Он задавался вопросом, насколько Нью-Йорк и Сан-Франциско могли сыграть роль в создании этой разницы, вдобавок к свету его жены.

В любом случае, он обнаружил, что почти бесстрастно изучает похожее на череп лицо.

Всё это было знакомо: почти прозрачная кожа, туго натянутая на высоких скулах, на костях вокруг глазниц, бледно-жёлтые радужки. Седые волосы и козлиная бородка. Длинные пальцы и руки. Измождённая форма его плеч и груди.

Даже его одежда.

Серая рубашка, возможно, и не была знакомой сама по себе, но она выглядела достаточно похожей на вещи, которые старый видящий носил в прошлом, и идеально соответствовала воспоминаниям Ревика.

И всё же, несмотря на всю эту знакомость, он с таким же успехом мог быть совершенно другим существом.

Ревик удивлялся, как он вообще мог воспринимать Сарка живым. Теперь казалось таким очевидным, кем он был на самом деле. Кем он был всегда.

— Знаю ли я, почему ты здесь? — сказал Менлим ледяным тоном. — Нет, брат, не знаю. Я знаю причины, которые ты назвал своей жене в оставленной записке. По крайней мере, я знаю причины, которые ты якобы сообщил ей. Может ли её понимание отличаться из-за разговоров, которые вы двое, возможно, вели наедине… этого я не знаю.
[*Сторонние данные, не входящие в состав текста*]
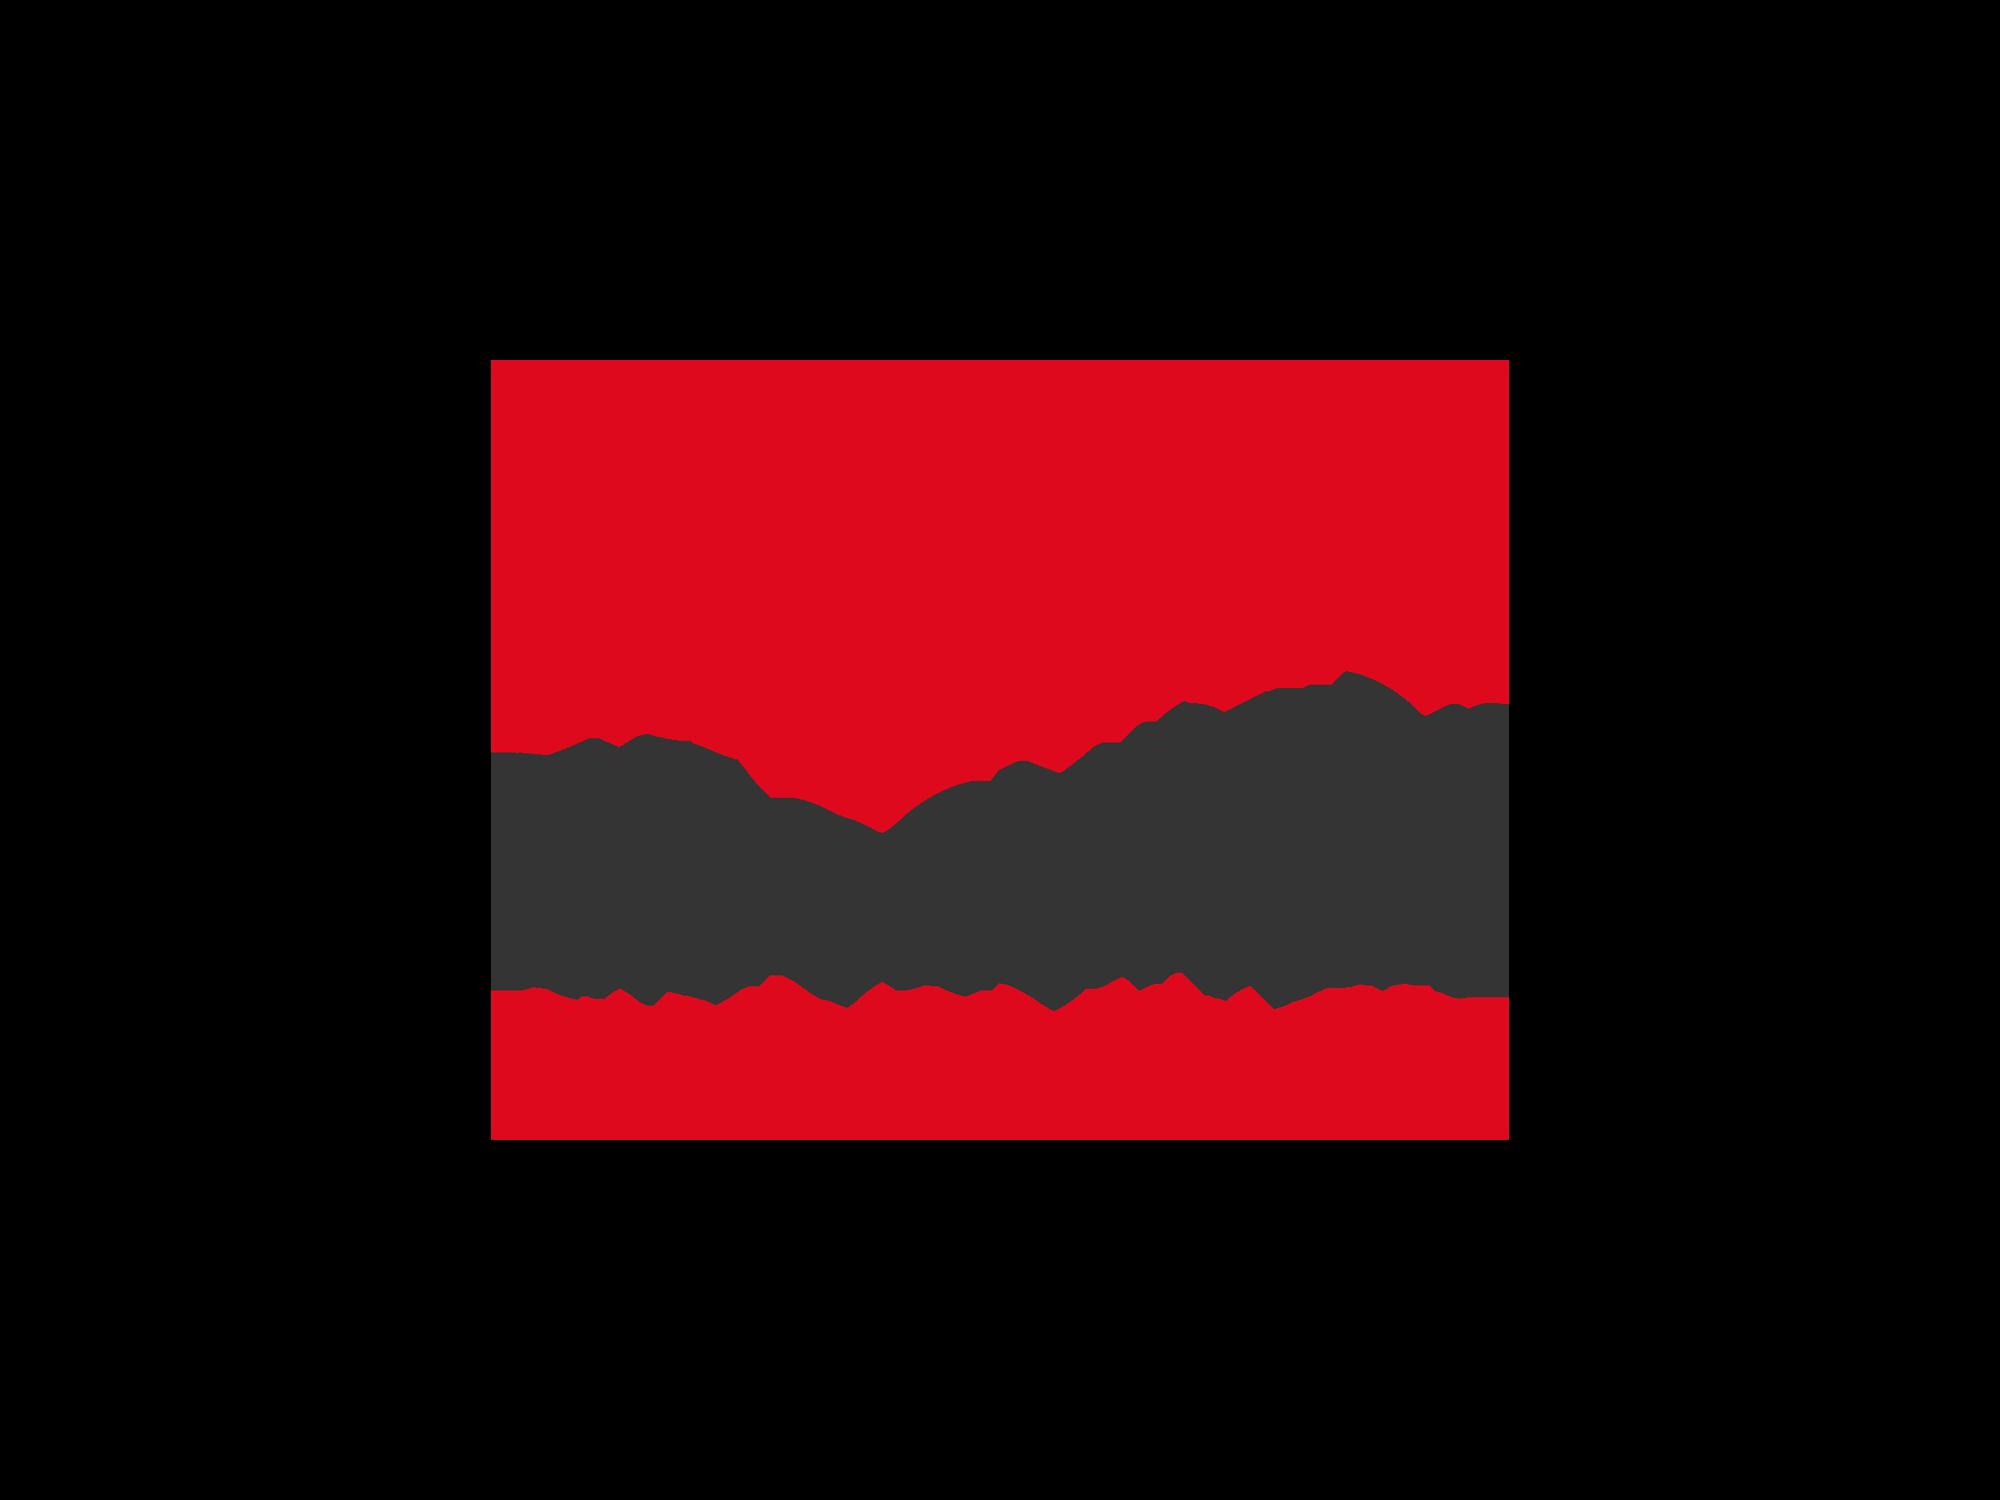 apodiscounter logo edit 03

Ревик не потрудился спросить, что он имел в виду.

— Моя истинная причина не сильно отличается от того, что я ей сказал, — сказал он, пренебрежительно махнув рукой. — Я здесь, чтобы поторговаться за жизни моей семьи. Предложить себя в обмен.

Менлим уже качал головой.

— Племянник, племянник, племянник, — он щёлкнул языком, и в этом звуке жило сожаление. — Ты меня разочаровываешь. Ты, должно быть, действительно невысокого мнения обо мне, если веришь, что я поддамся на такую уловку. Мне почти жаль вас, если это лучшее, что ты и твоя жена можете сделать в ответ на то, что вы узнали в Дубае. Это говорит мне, в каком отчаянии вы, должно быть, находитесь.

Ревик не потрудился отреагировать.

Он также не потрудился отрицать скрытый подтекст слов Менлима.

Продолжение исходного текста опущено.